Learning How to Program at Seattle CoderDojo

Meilee began learning how to use Scratch a year ago in July (read the original post). Her first published project was called The Unicorn Ghost and its premise was rudimentary: click on the button to make the unicorn move. She played around a little and started projects, but didn’t progress beyond one-trick ponies, so to speak. Recently, I saw an in article in Geewire.com about CoderDojo, a free weekly programming club for kids ages 8-18 that was founded in Seattle but now has local clubs across the country. And the Seattle CoderDojo club meets on the Amazon campus – which is across the street from my office.
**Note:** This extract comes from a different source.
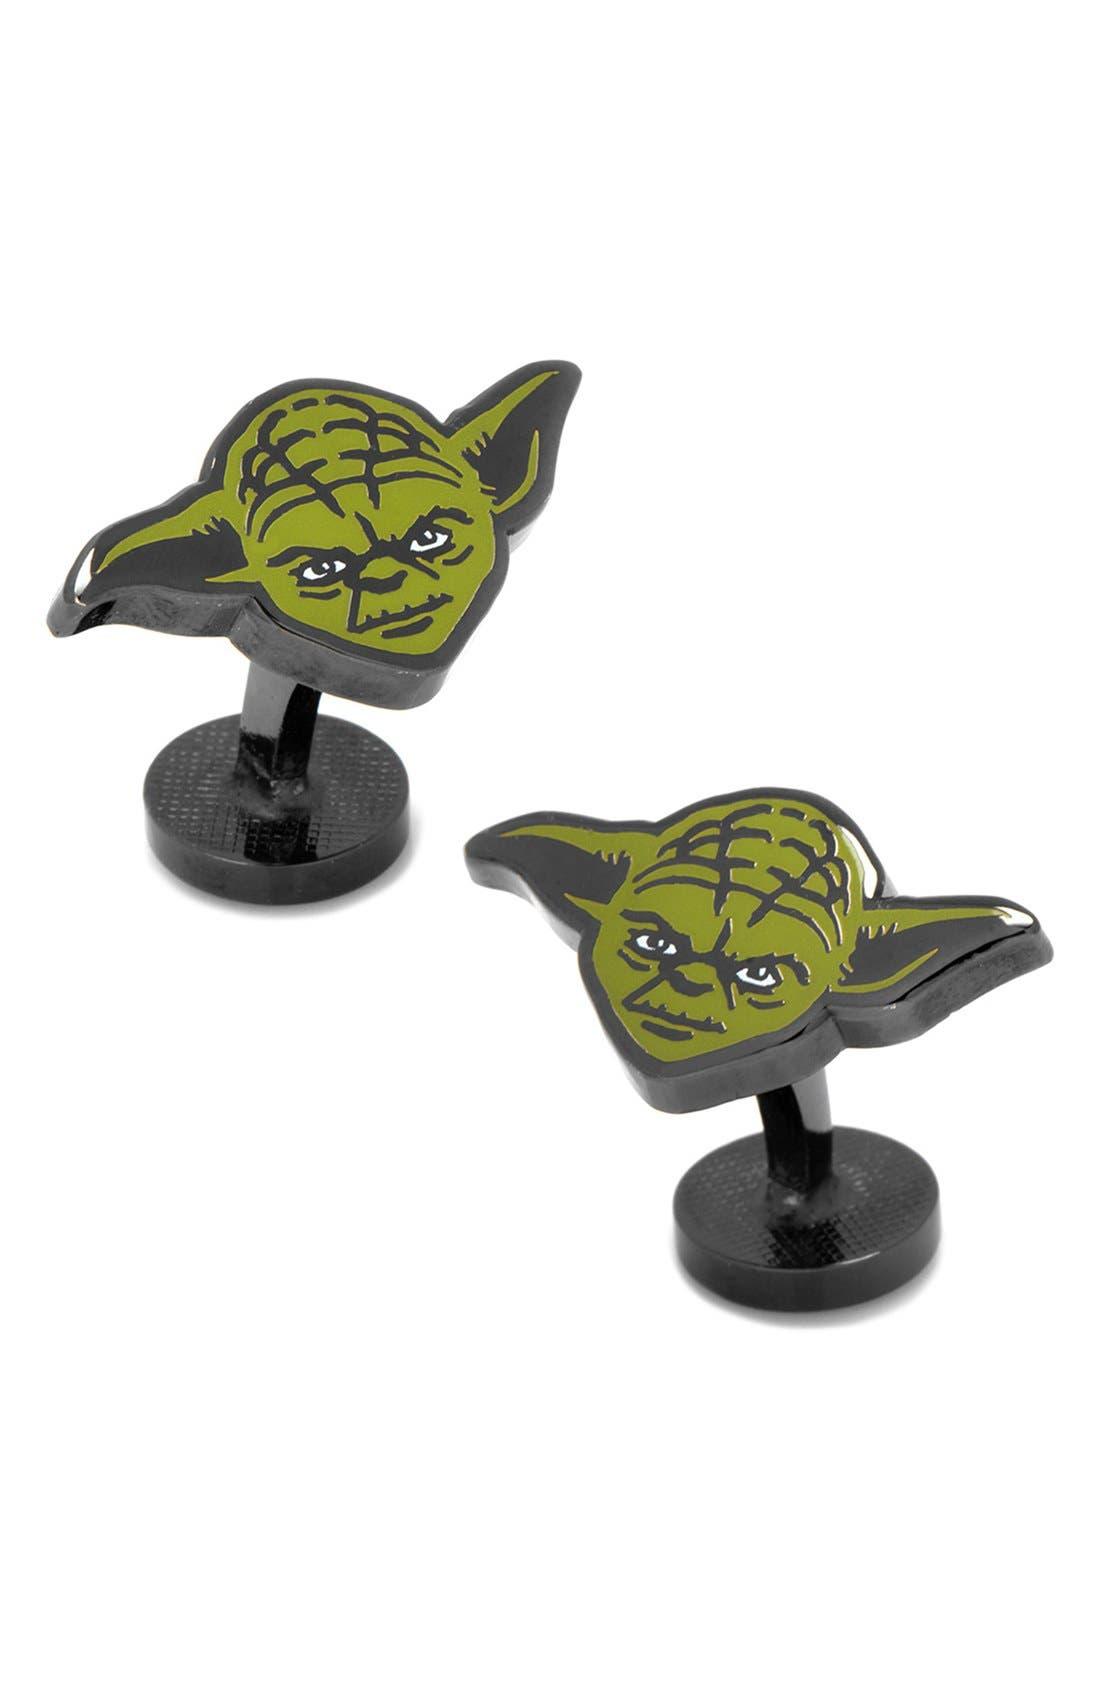 'Star Wars - Yoda' Cuff Links,                             Main thumbnail 1, color,                             Green/ Black

After we checked in at security, the kids were each given a souvenir CoderDojo badge, which was a great touch that made them feel official.

Seattle CoderDojo badge
Seattle CoderDojo badge.

The kids who attend are divided up according to programming interest: Scratch, HTML/JavaScript, PHP, C# and Java. We found our way to the Scratch room and settled in, Meilee with my laptop and Shen with the iPad to keep him entertained. While Shen isn’t ready for Scratch, I wanted him to tag along so that he gets exposure to the club. The first 15 minutes or so of the session is spent listening to the lead mentor describe some basics of how to get started on the day’s assignment. CoderDojo has a set of projects that will help kids learn basic commands in Scratch. After the introduction, each participant can work at his/her own pace and seek help as needed from one of the volunteer mentors.

A Seattle CoderDojo mentor helps Meilee with a series of commands.
A Seattle CoderDojo mentor helps Meilee with a series of commands.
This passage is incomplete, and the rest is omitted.